**The problem**
For this exercise, repeat the whole listing below exactly. Leave the pictures out.

**Provided material**
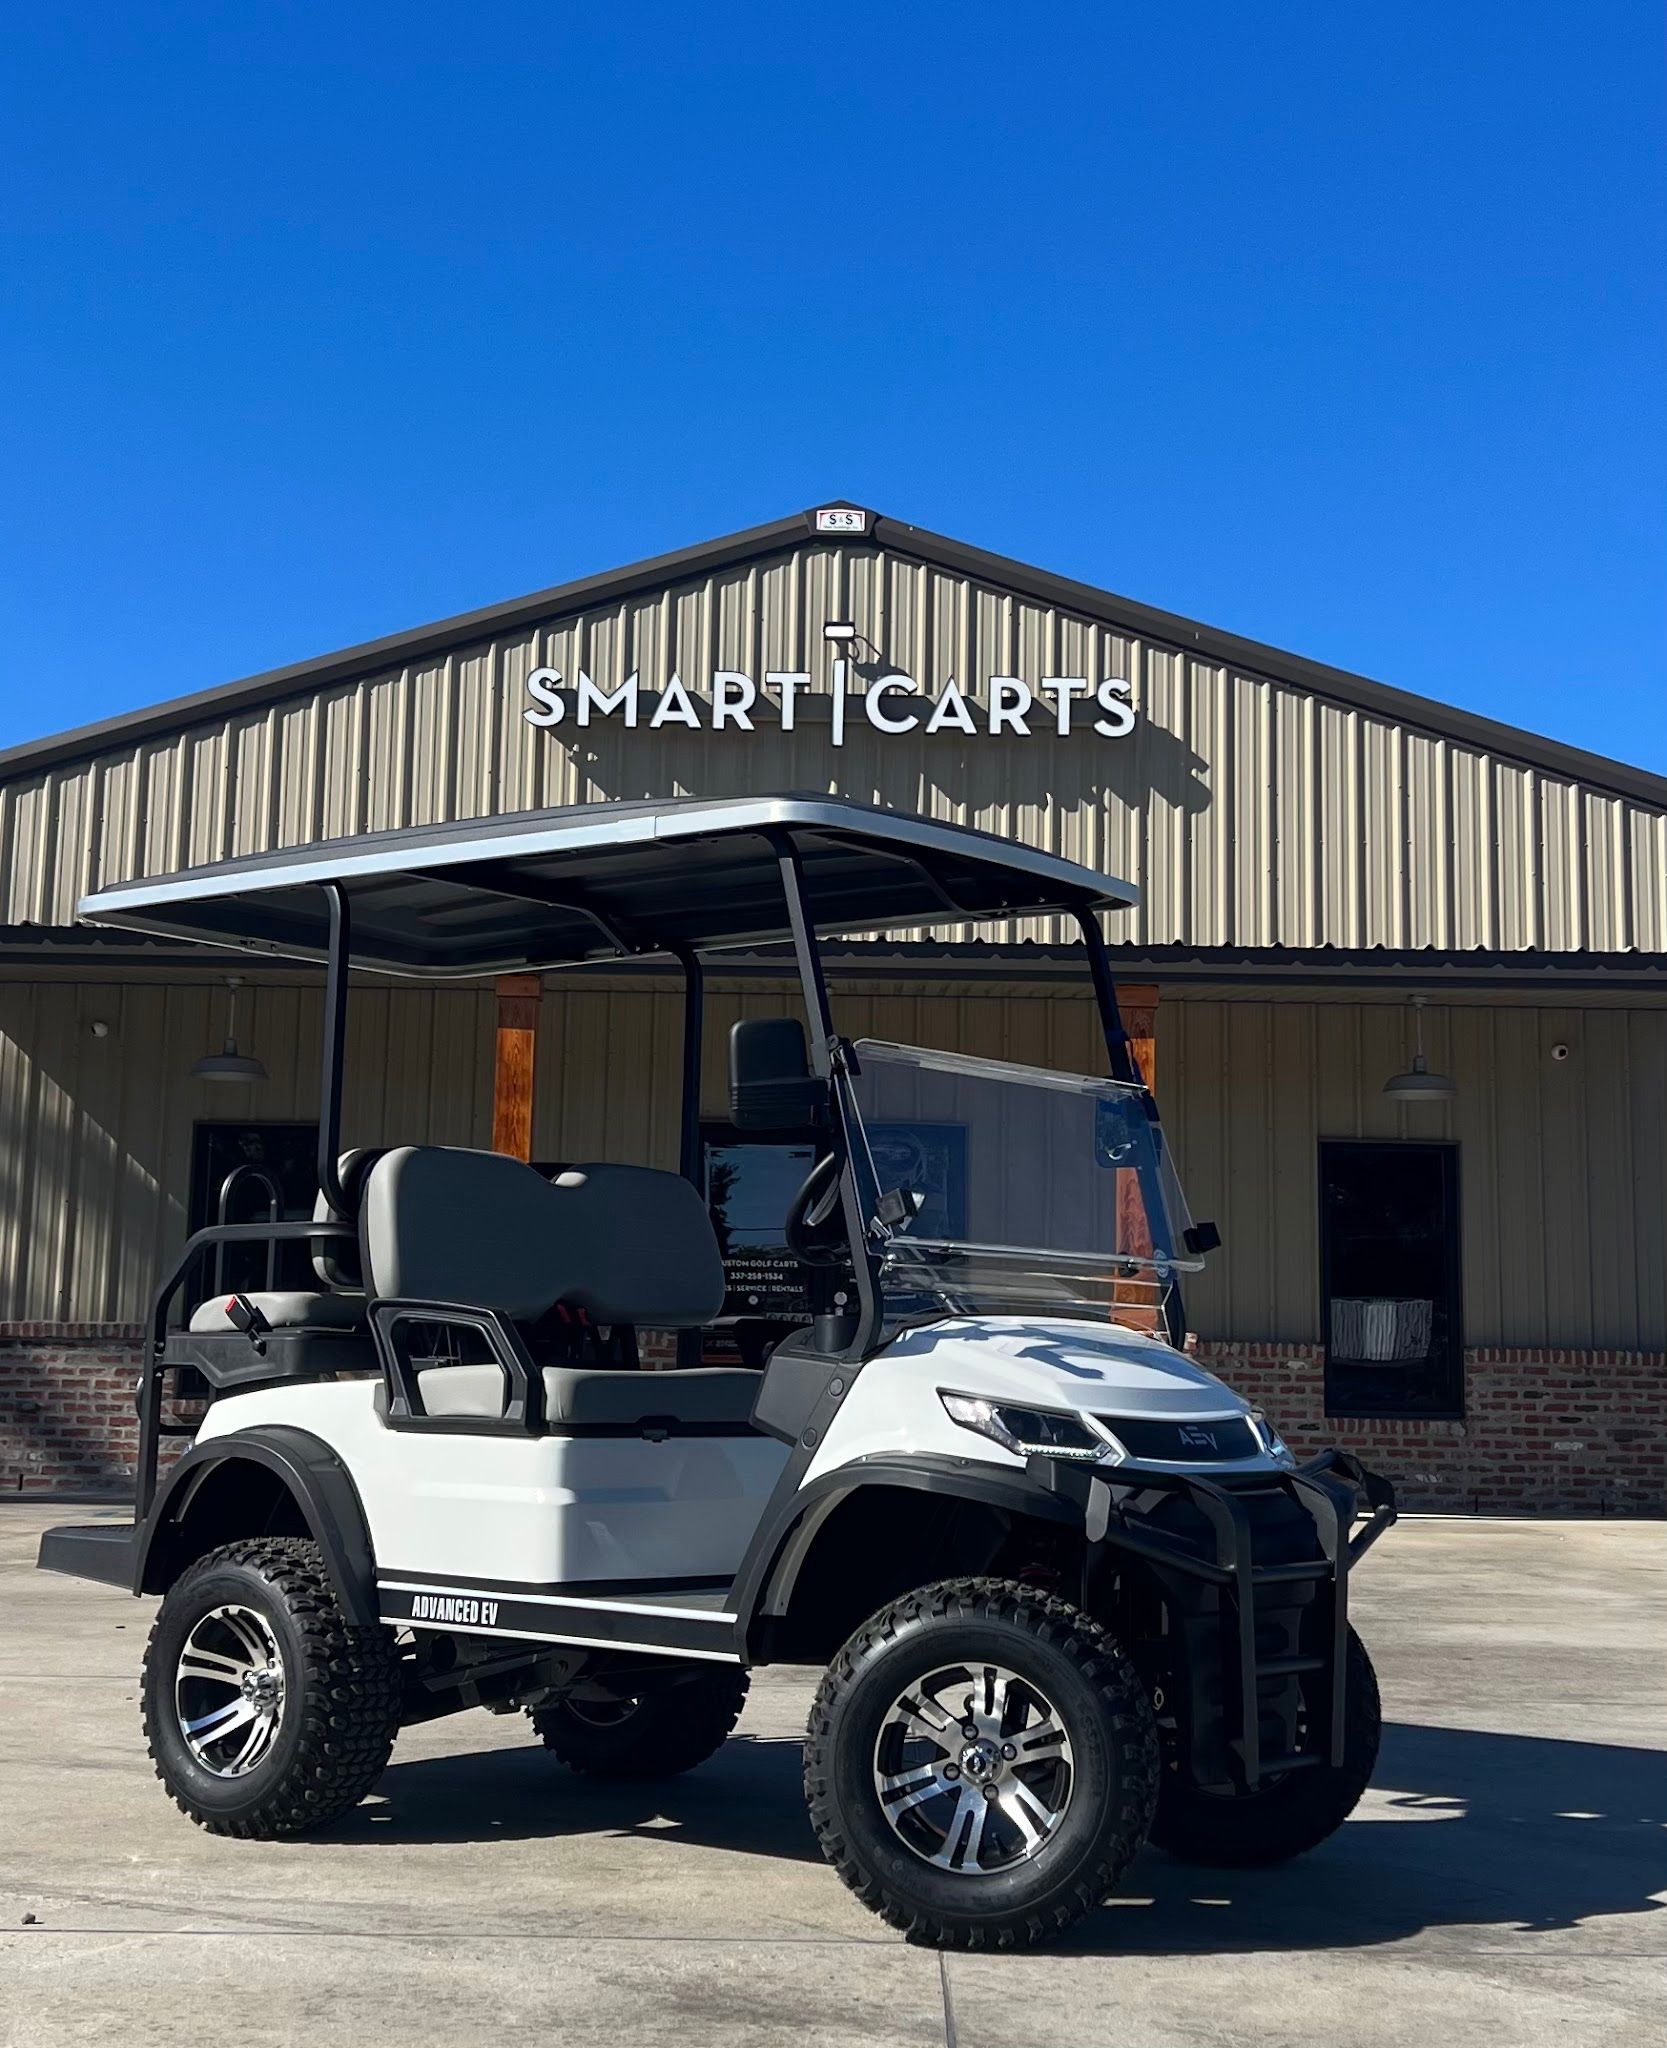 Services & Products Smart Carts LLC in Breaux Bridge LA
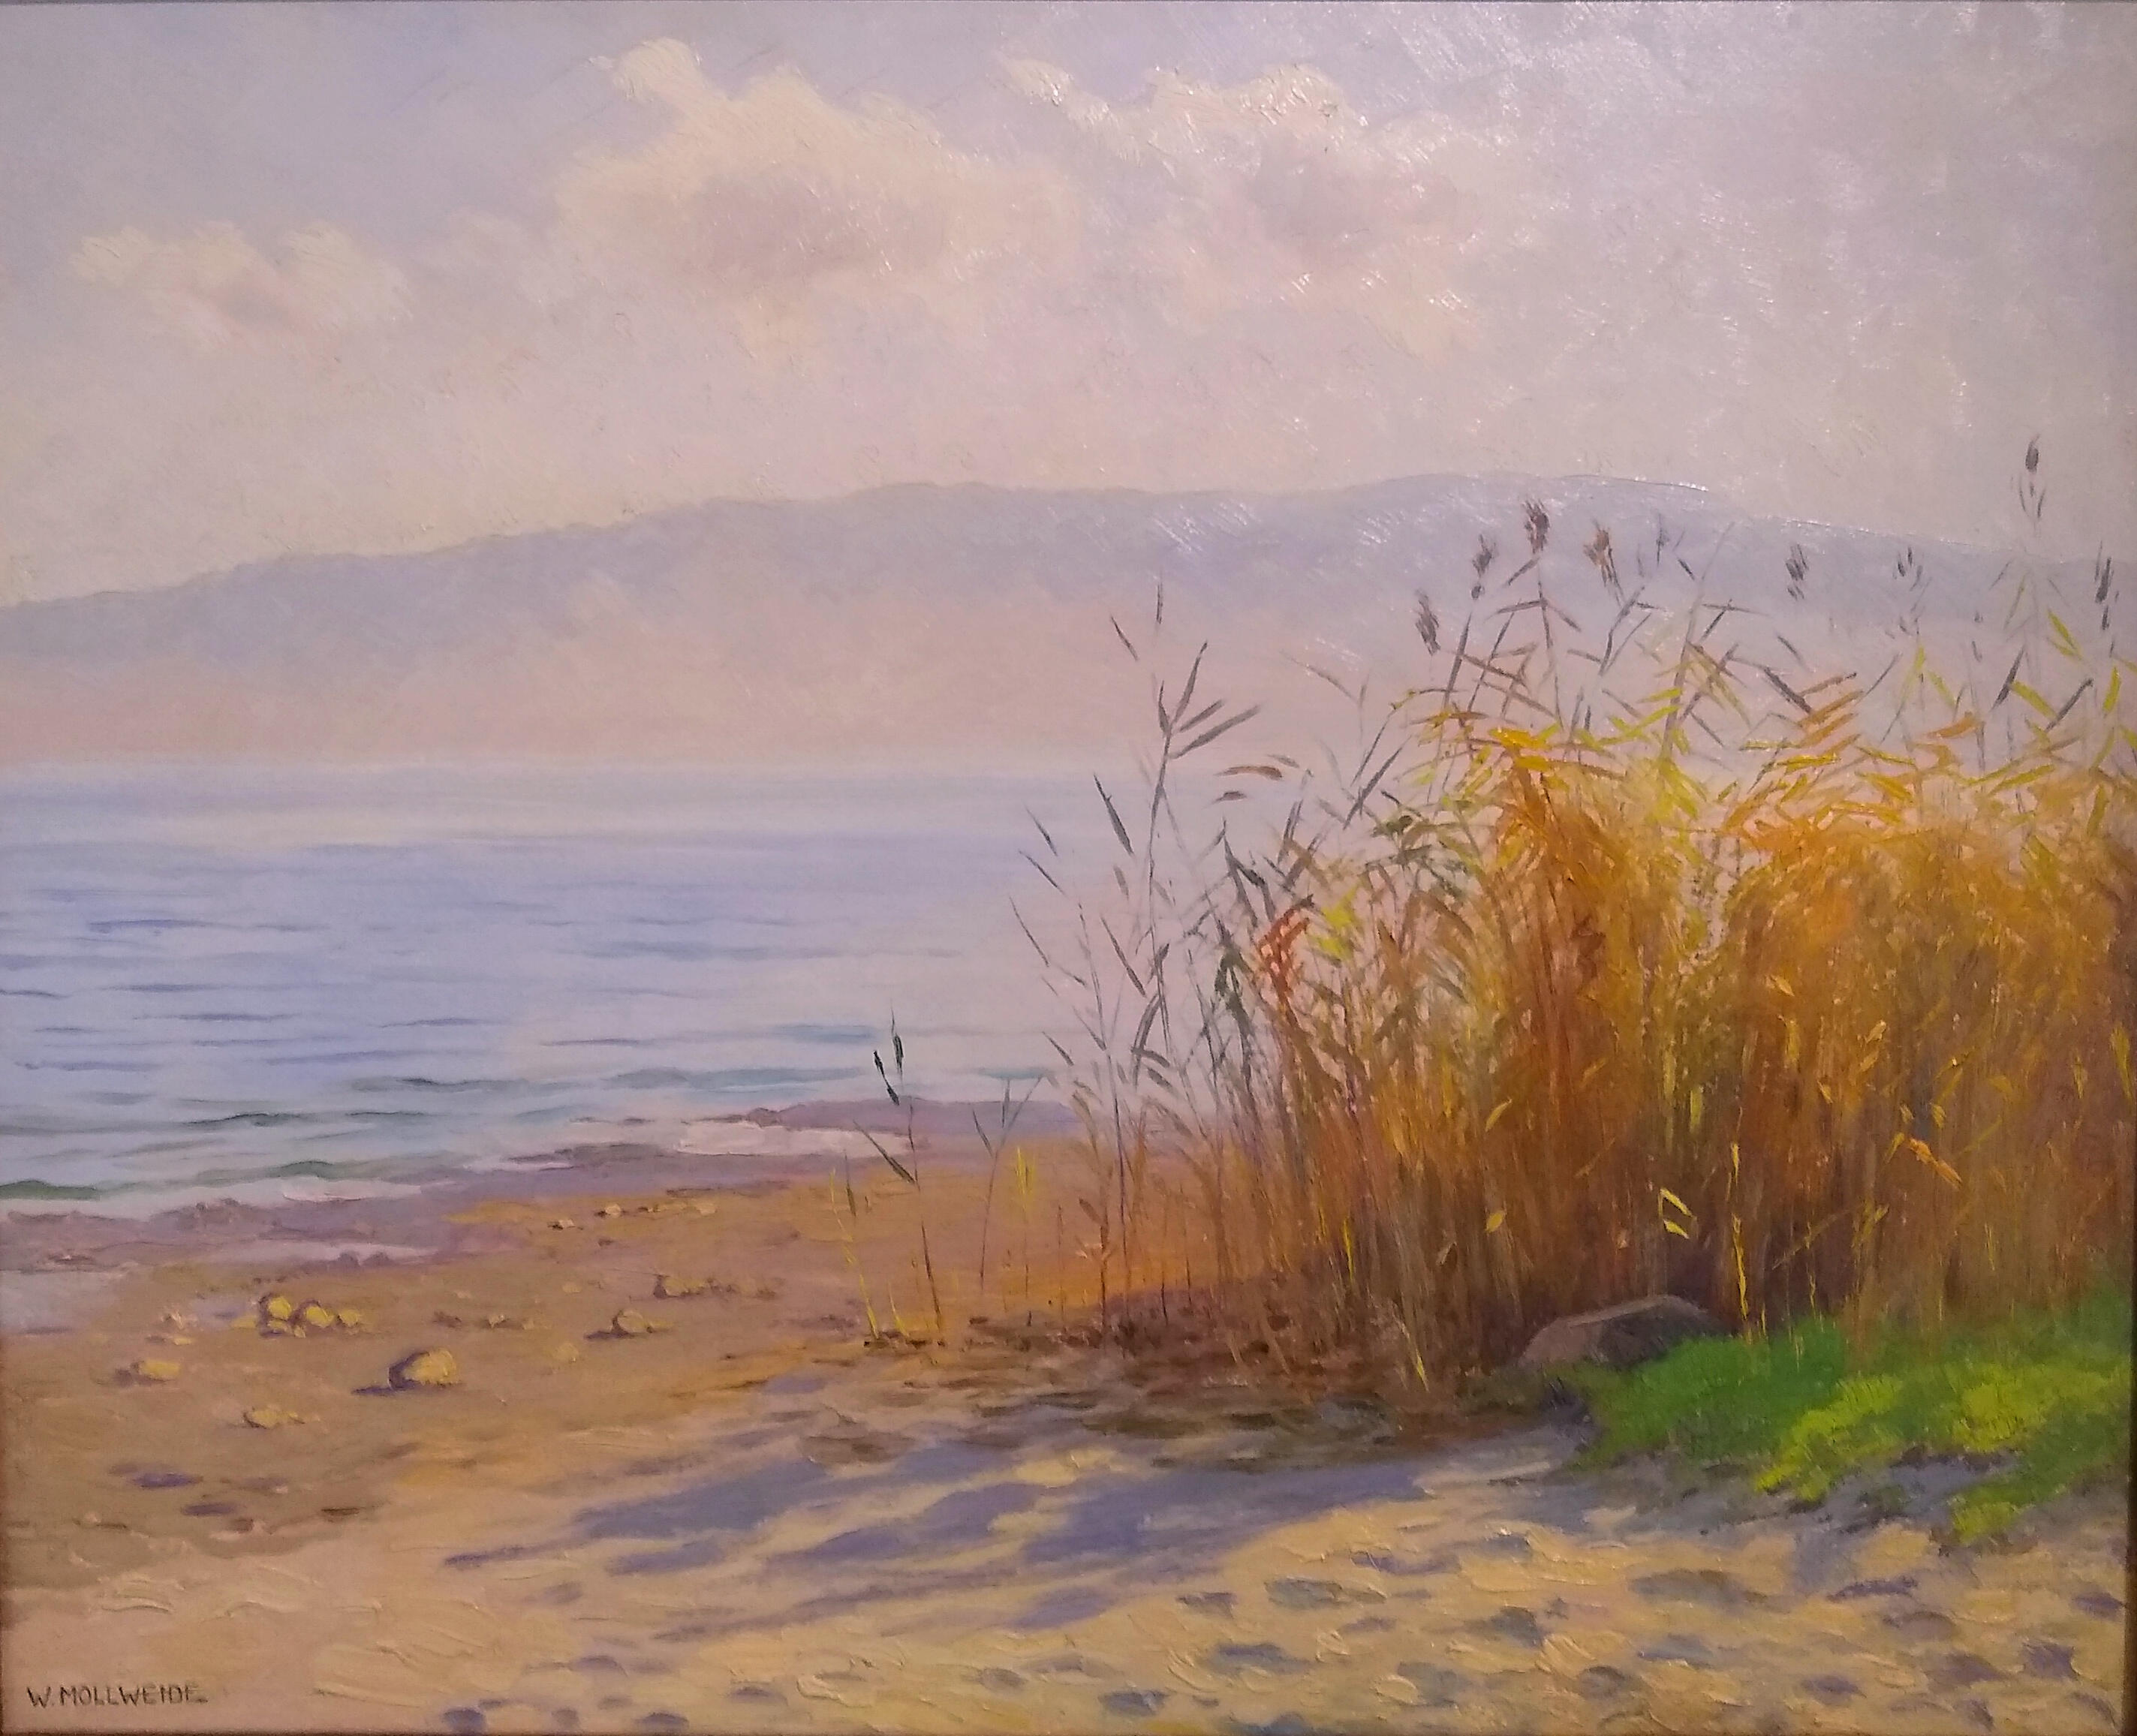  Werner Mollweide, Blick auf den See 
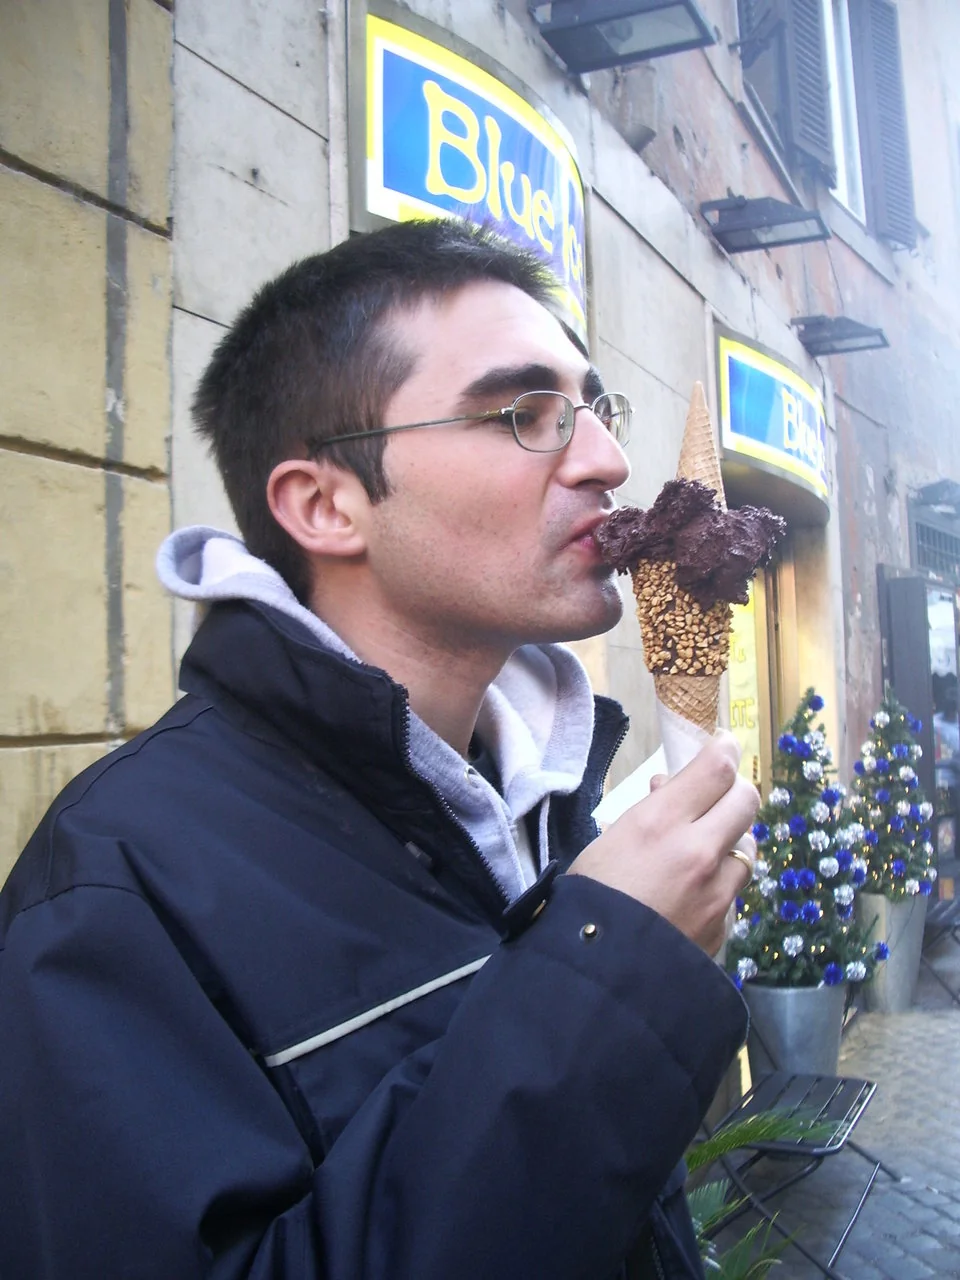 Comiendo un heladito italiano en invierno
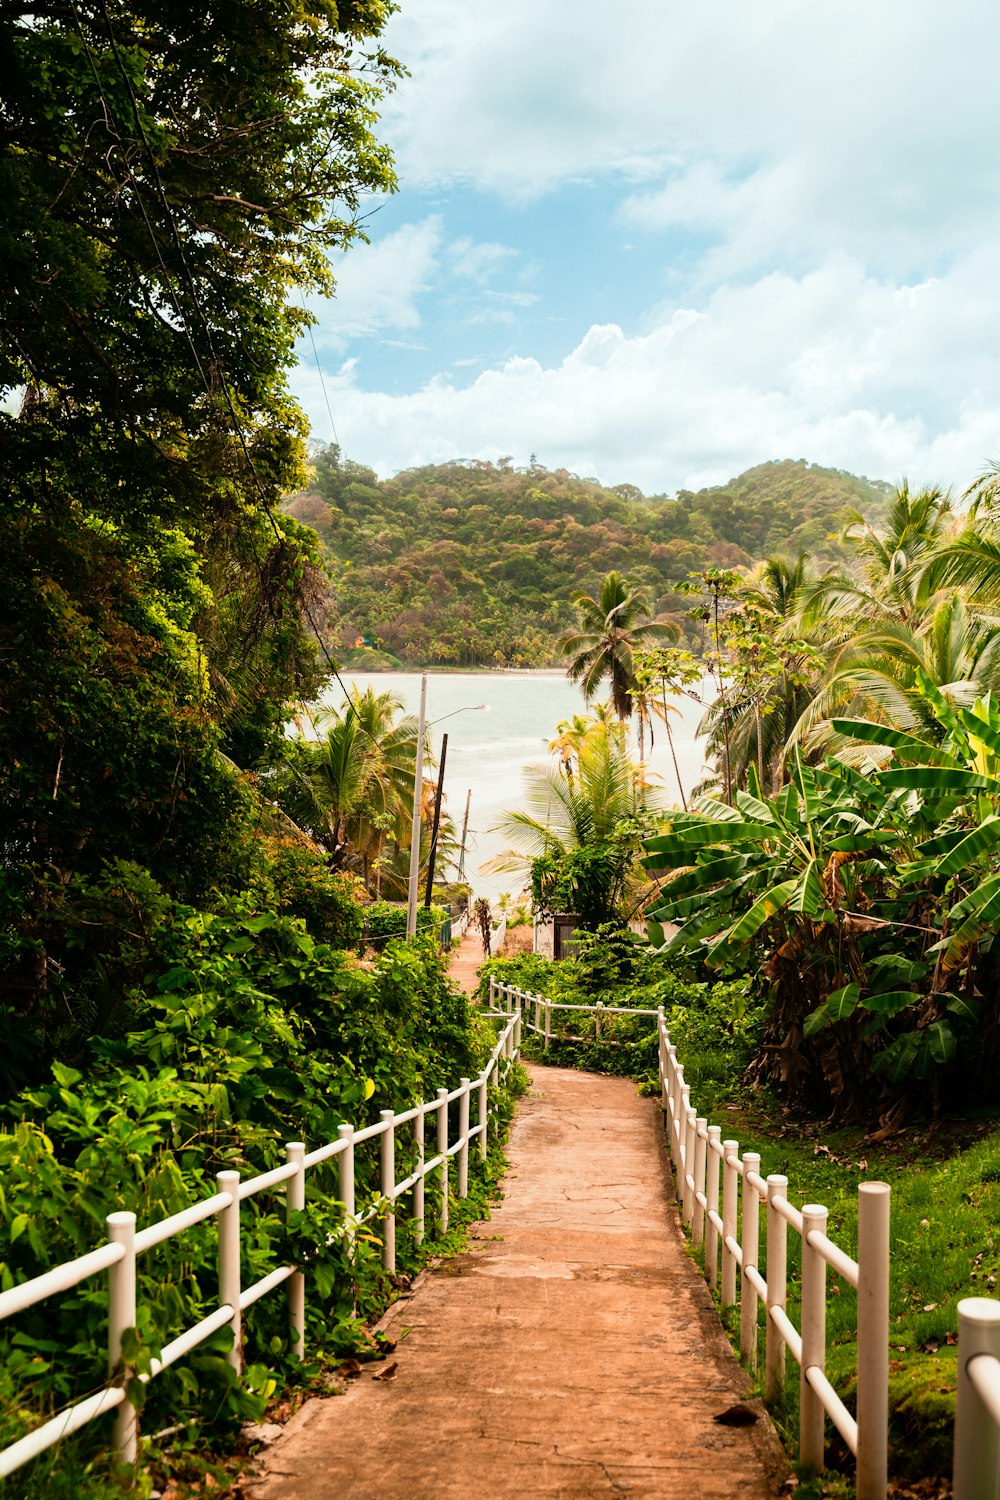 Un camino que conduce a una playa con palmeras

**Solution below**
 Services & Products Smart Carts LLC in Breaux Bridge LA
  Werner Mollweide, Blick auf den See 
 Comiendo un heladito italiano en invierno
 Un camino que conduce a una playa con palmeras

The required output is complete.